◆ Assignment: Below is a listing; restate from it, character for character, the lines beginning at the line holding "Easter bunny svg, Easter" and ending at the line holding "Amelia Tier Ruffle", both included.

◆ Supplied data:
----------

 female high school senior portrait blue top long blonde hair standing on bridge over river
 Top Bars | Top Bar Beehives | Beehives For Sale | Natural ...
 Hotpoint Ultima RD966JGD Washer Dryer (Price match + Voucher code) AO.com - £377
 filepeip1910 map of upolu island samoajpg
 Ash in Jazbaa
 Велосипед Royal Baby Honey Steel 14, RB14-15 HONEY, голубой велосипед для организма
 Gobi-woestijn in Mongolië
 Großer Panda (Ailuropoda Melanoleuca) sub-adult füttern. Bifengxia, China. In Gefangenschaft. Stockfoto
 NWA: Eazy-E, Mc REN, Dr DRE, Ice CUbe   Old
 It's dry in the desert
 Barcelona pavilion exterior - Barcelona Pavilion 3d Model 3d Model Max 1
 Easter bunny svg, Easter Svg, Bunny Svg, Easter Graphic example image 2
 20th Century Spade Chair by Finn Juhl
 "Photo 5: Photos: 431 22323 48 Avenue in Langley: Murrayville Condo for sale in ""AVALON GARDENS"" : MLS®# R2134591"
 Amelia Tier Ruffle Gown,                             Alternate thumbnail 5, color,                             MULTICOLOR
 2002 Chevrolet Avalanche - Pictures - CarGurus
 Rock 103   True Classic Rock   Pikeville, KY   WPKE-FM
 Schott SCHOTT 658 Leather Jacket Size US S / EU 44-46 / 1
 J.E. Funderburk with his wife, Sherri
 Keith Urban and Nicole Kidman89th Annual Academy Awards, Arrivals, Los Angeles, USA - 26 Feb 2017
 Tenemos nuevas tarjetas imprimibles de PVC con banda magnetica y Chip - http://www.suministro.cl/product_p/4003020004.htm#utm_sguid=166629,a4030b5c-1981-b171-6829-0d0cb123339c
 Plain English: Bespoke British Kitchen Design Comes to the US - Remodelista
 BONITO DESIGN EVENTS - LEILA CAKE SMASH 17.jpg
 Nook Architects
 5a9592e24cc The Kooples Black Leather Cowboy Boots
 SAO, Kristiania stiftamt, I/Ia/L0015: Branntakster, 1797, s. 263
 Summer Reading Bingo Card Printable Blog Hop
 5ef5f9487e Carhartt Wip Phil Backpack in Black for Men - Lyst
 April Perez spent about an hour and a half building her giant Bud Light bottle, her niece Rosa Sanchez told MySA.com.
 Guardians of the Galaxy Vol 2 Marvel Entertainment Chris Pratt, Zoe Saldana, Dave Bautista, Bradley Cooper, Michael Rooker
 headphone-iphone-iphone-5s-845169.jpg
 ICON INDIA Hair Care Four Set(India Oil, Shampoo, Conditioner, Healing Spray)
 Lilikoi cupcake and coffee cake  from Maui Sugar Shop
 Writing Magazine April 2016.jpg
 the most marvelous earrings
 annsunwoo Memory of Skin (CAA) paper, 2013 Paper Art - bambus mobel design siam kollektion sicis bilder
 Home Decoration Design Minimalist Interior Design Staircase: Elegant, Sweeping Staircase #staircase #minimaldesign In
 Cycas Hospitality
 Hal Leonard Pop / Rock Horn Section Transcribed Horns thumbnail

----------

◆ Result below:
 Easter bunny svg, Easter Svg, Bunny Svg, Easter Graphic example image 2
 20th Century Spade Chair by Finn Juhl
 "Photo 5: Photos: 431 22323 48 Avenue in Langley: Murrayville Condo for sale in ""AVALON GARDENS"" : MLS®# R2134591"
 Amelia Tier Ruffle Gown,                             Alternate thumbnail 5, color,                             MULTICOLOR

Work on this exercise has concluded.